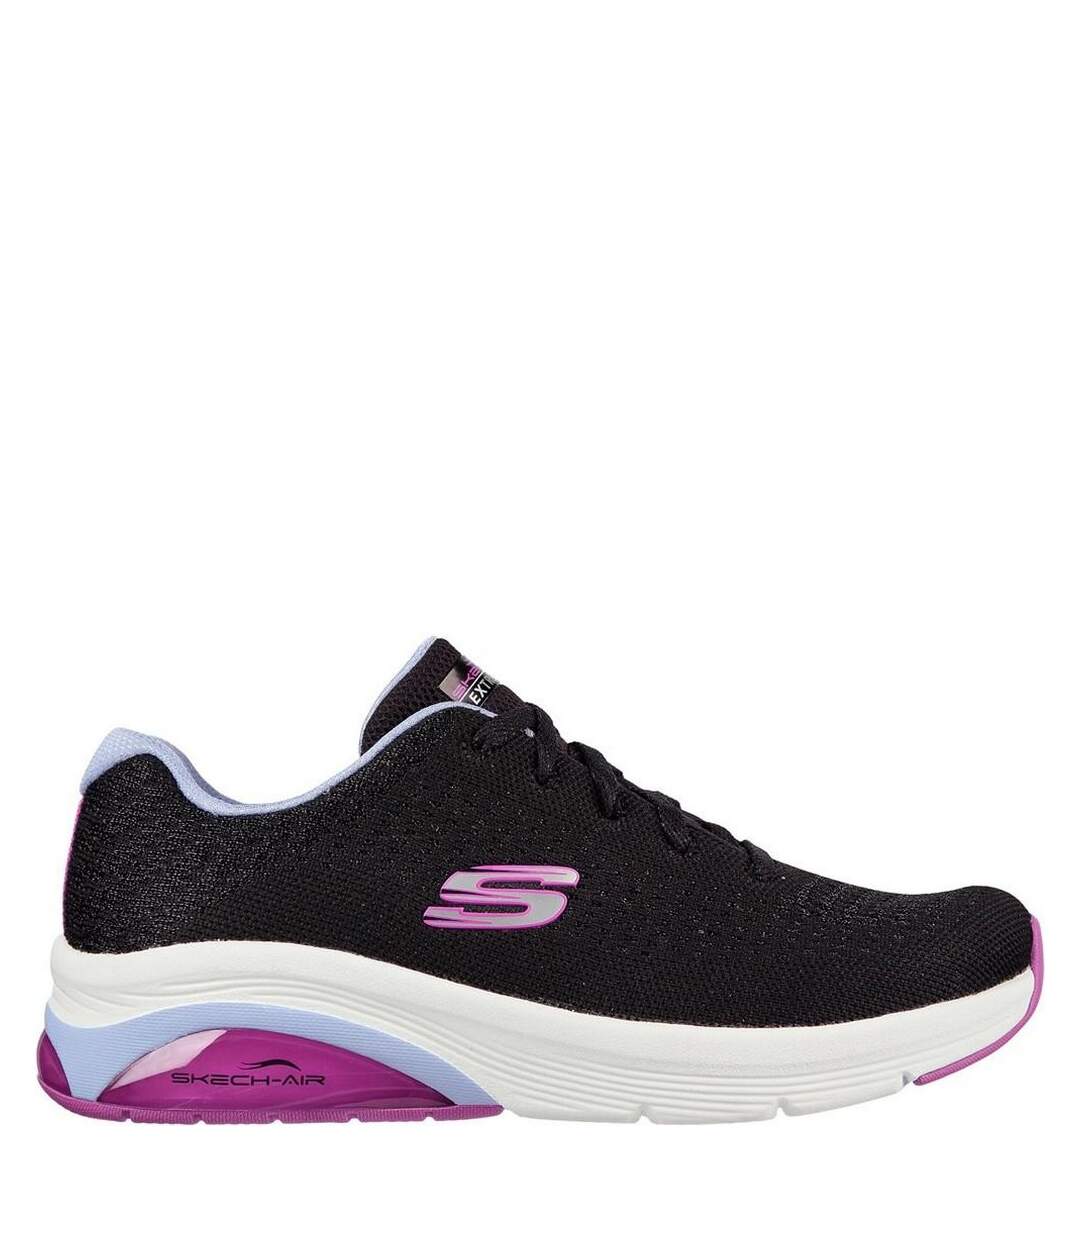 Skechers Womens/Ladies Skech-Air Extreme 2.0 Classic Vibe Sneakers (Black/Lavender) - UTFS8583
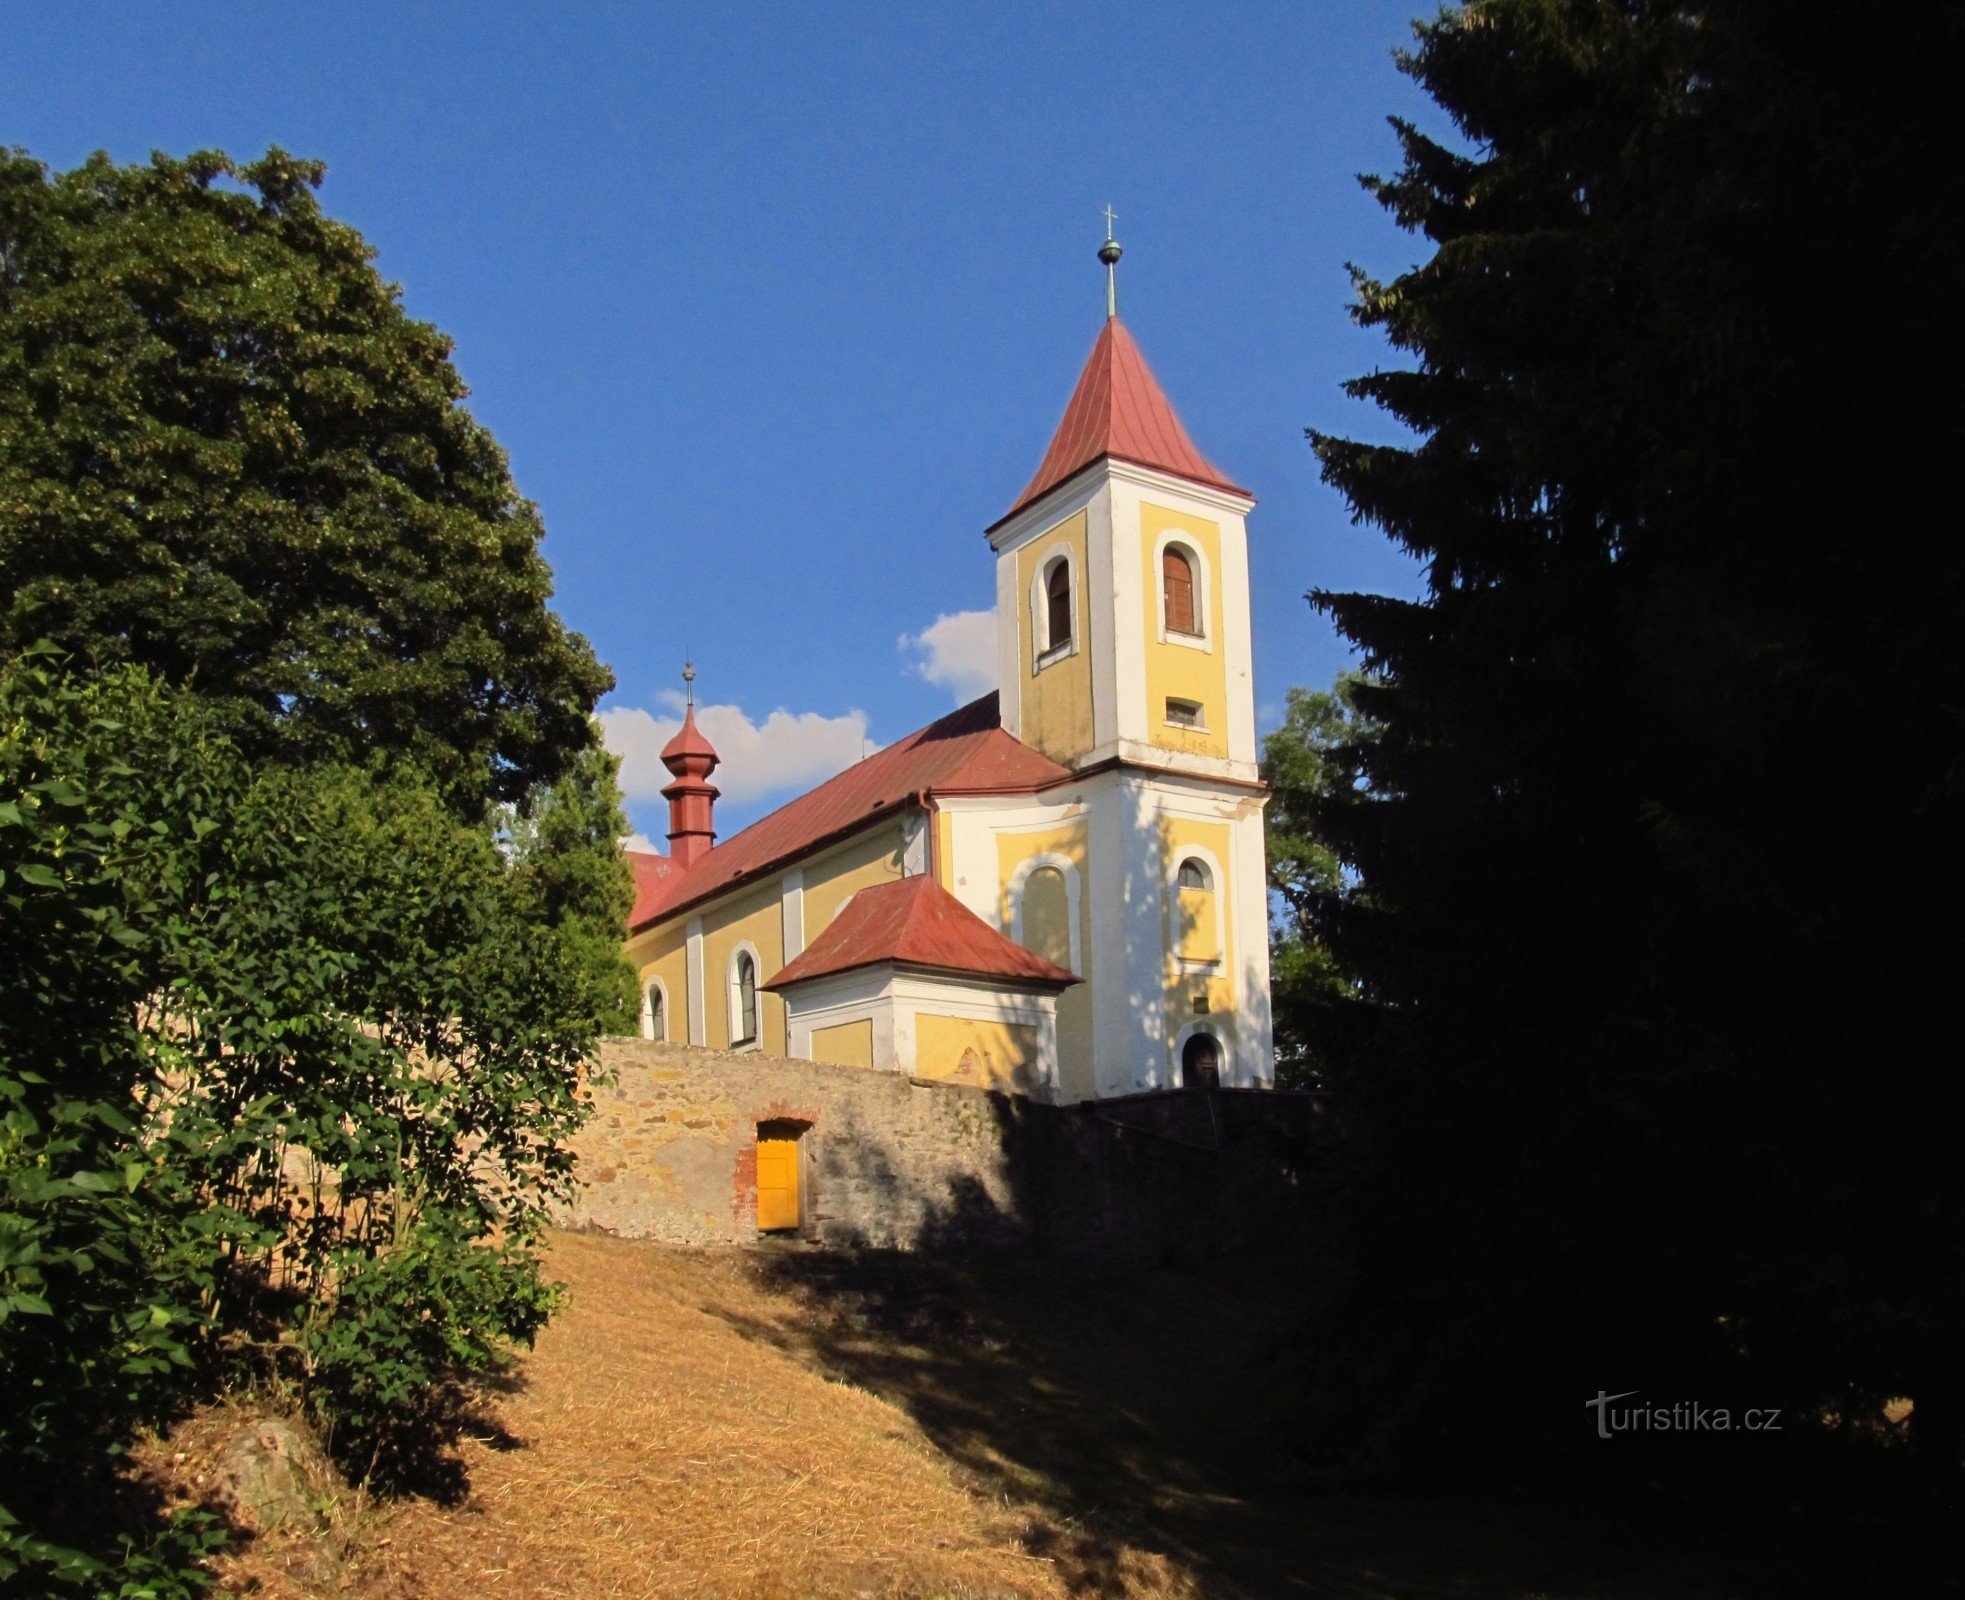 01 Biserica din Sopot
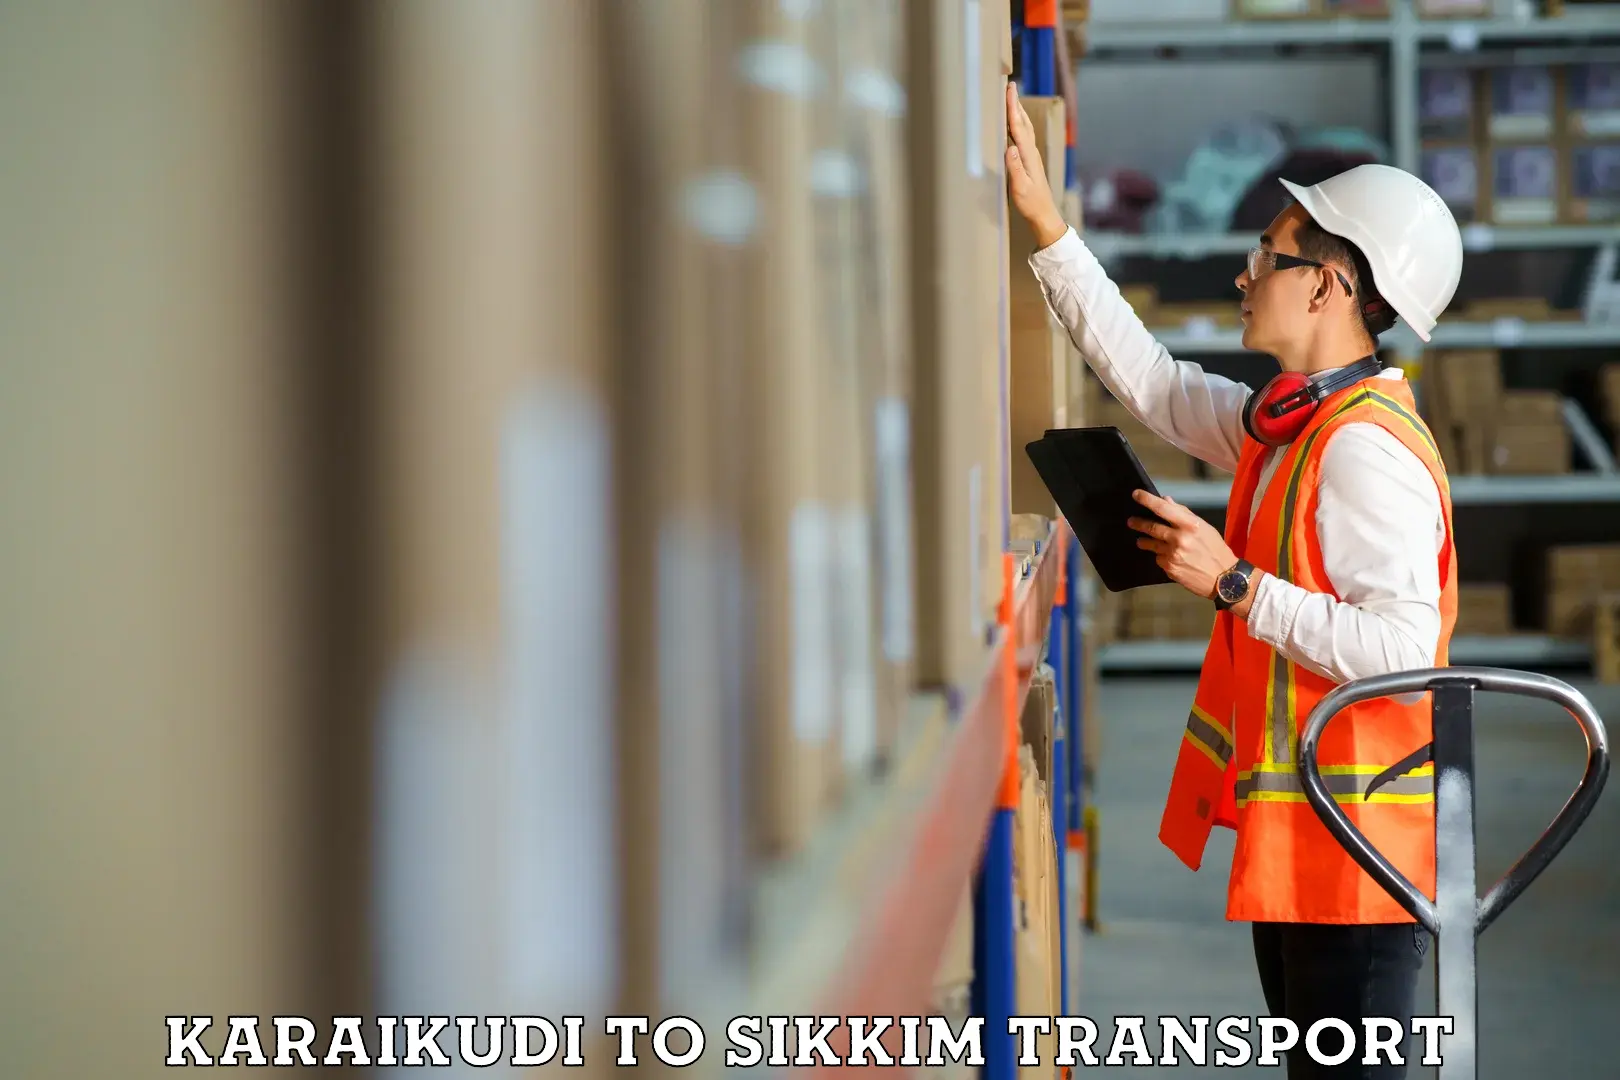 Commercial transport service Karaikudi to Namchi
━━━━━━━━━━━━━━━━━━━━
## Work instruction
With images omitted, output the data exactly as given.

## Written answer
 Skechers Womens/Ladies Skech-Air Extreme 2.0 Classic Vibe Sneakers (Black/Lavender) - UTFS8583
 01 Biserica din Sopot
 Commercial transport service Karaikudi to Namchi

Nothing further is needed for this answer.